Dataset content:
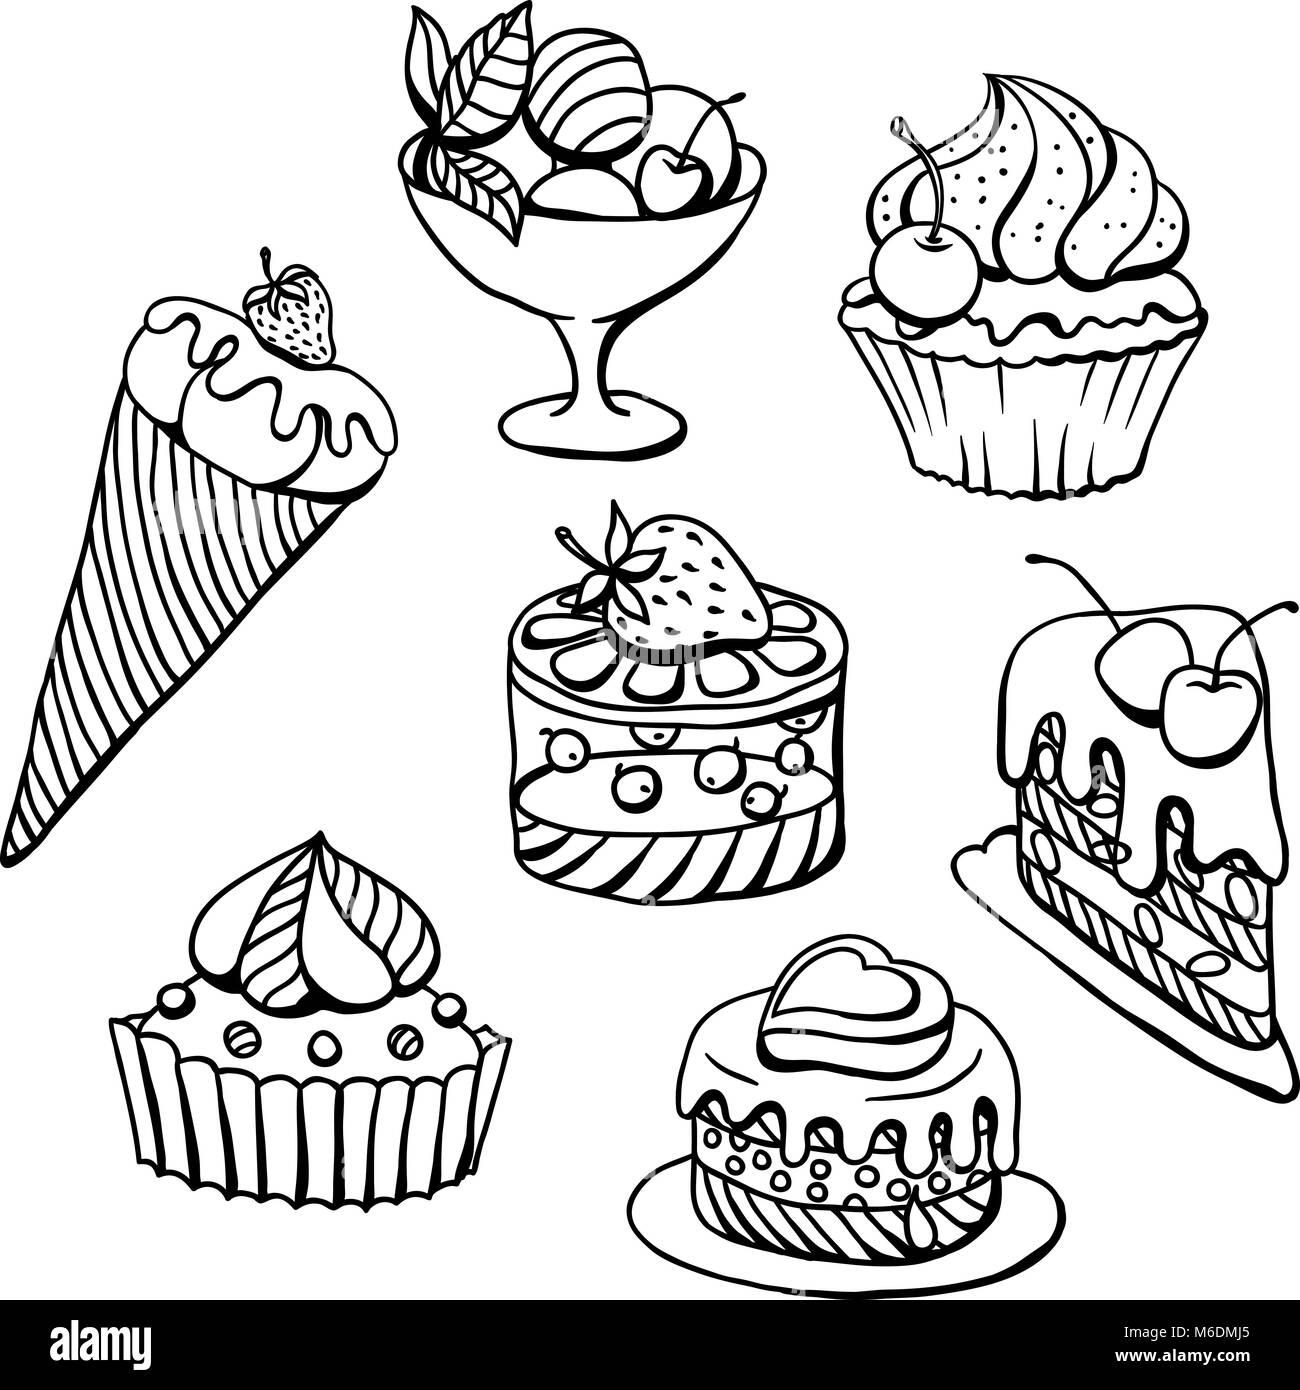 Vektor Einrichten Von Kuchen In Schwarz Abbildung Gezeichnet Vektor
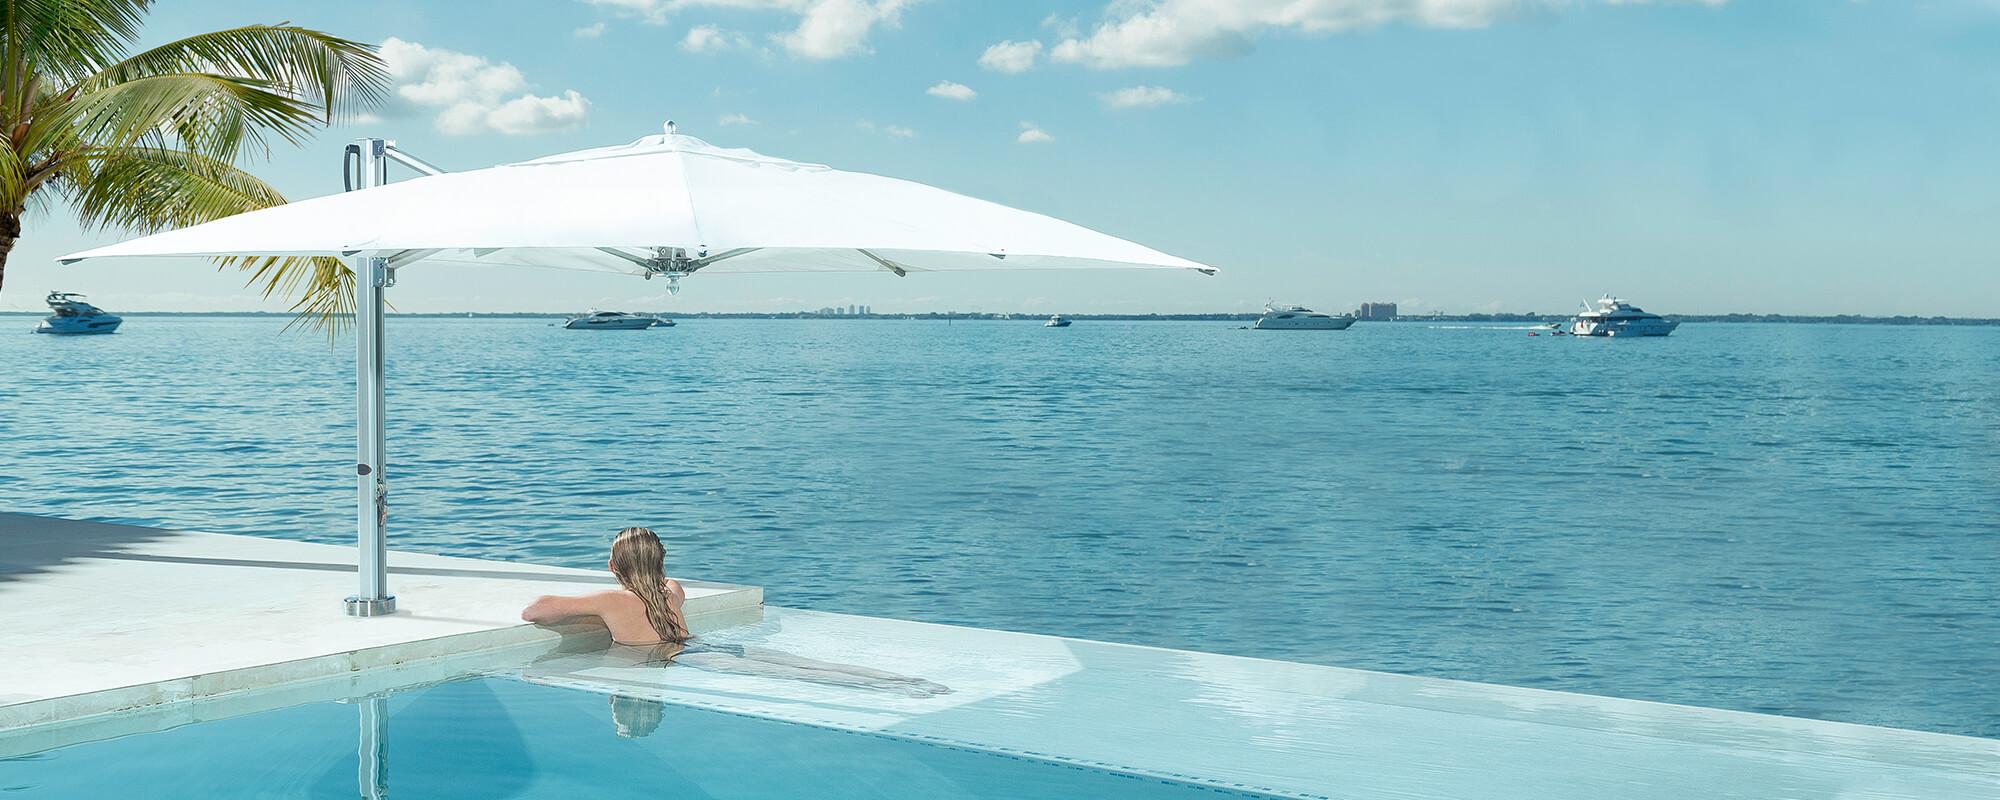 pool side swim under cantilever bay master umbrellas. Black Bedroom Furniture Sets. Home Design Ideas
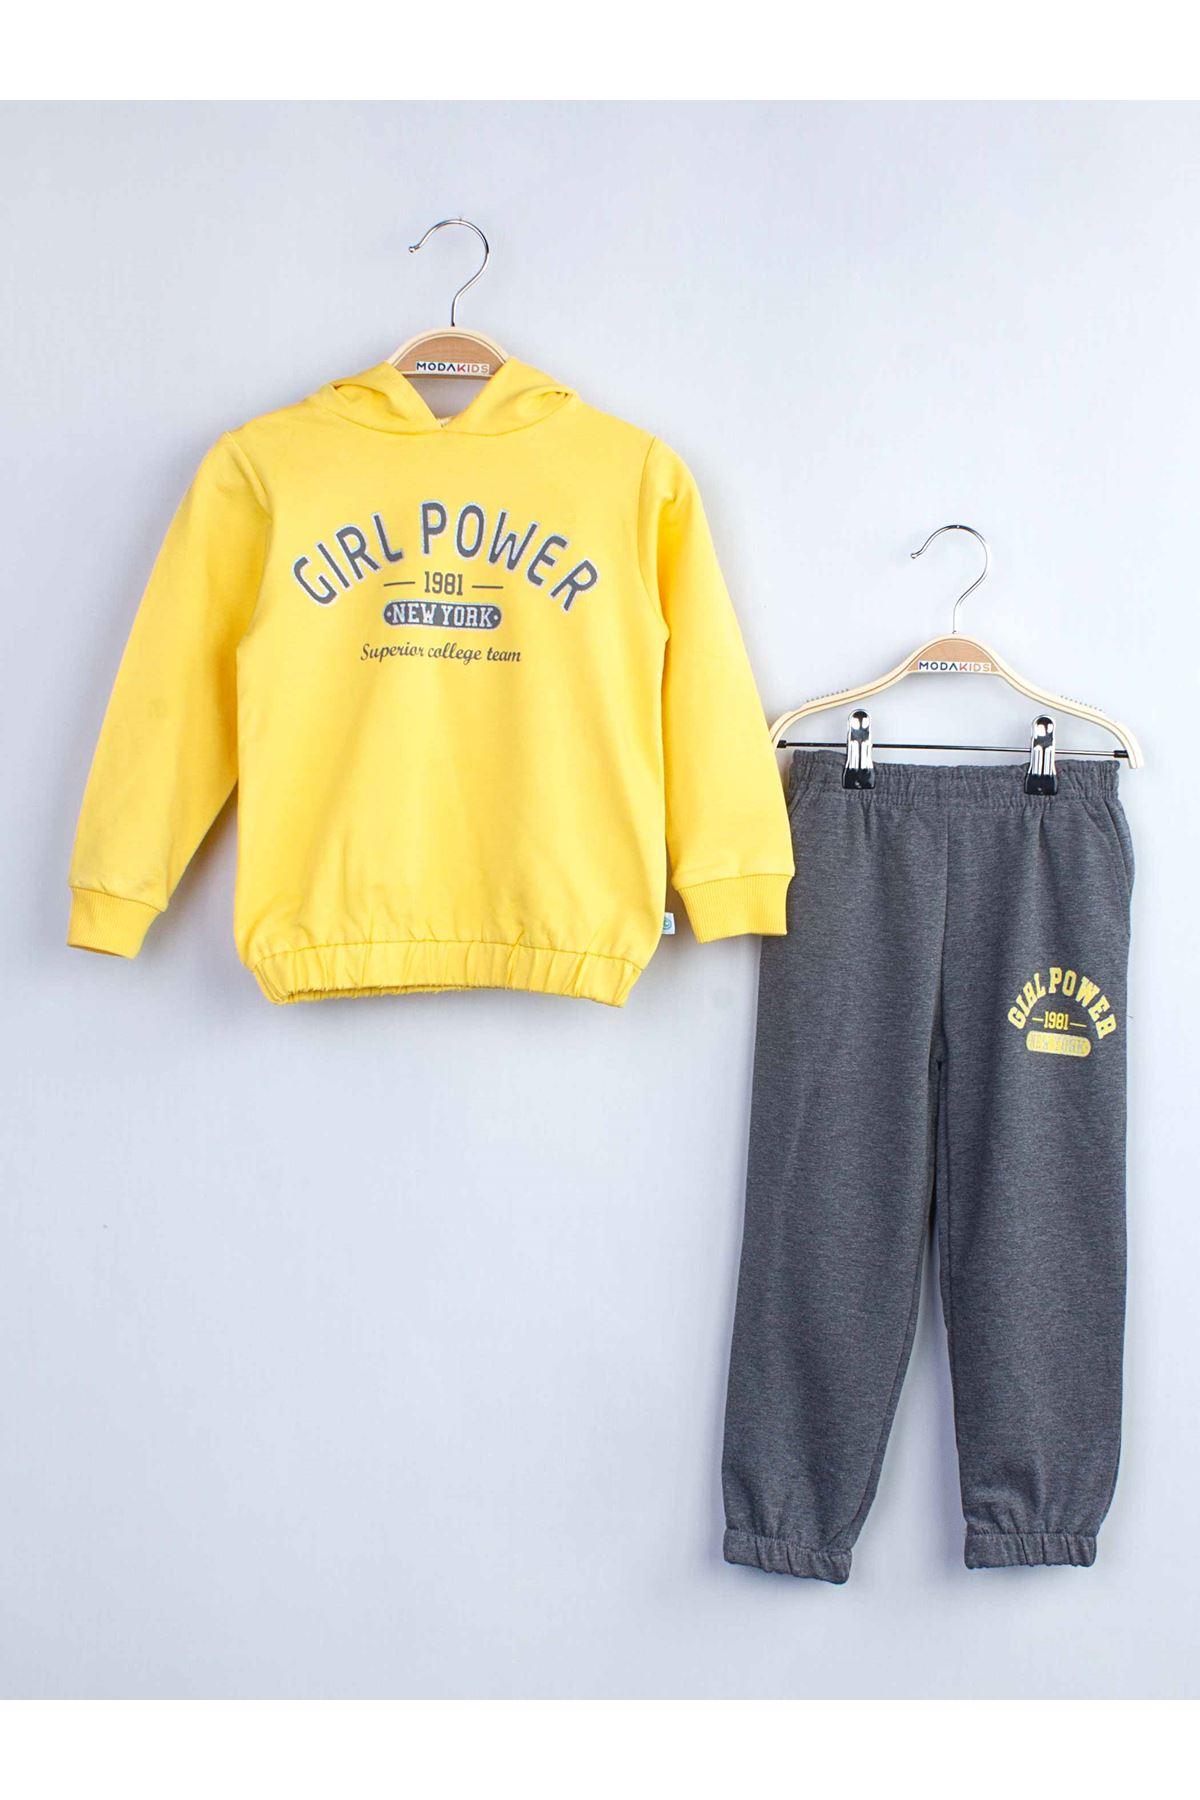 ملابس رياضية هودي رمادي أصفر بناتي
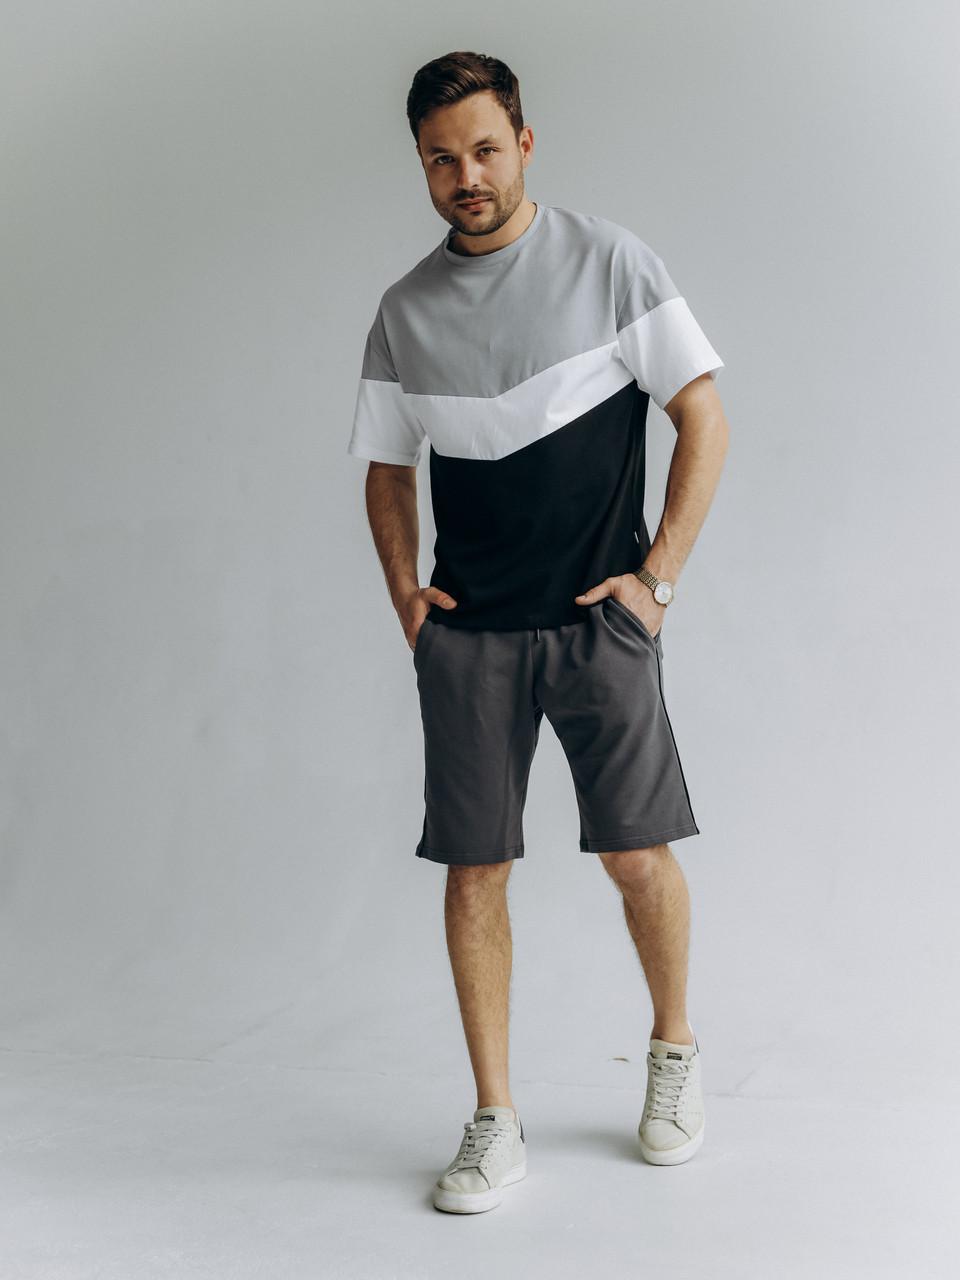 Мужской летний прогулочный спортивный комплект черные шорты и футболка трехцветная

Your task: Print the listing exactly, pictures excluded.

Result of the task:
 Vektor Einrichten Von Kuchen In Schwarz Abbildung Gezeichnet Vektor
 pool side swim under cantilever bay master umbrellas. Black Bedroom Furniture Sets. Home Design Ideas
 ملابس رياضية هودي رمادي أصفر بناتي
 Мужской летний прогулочный спортивный комплект черные шорты и футболка трехцветная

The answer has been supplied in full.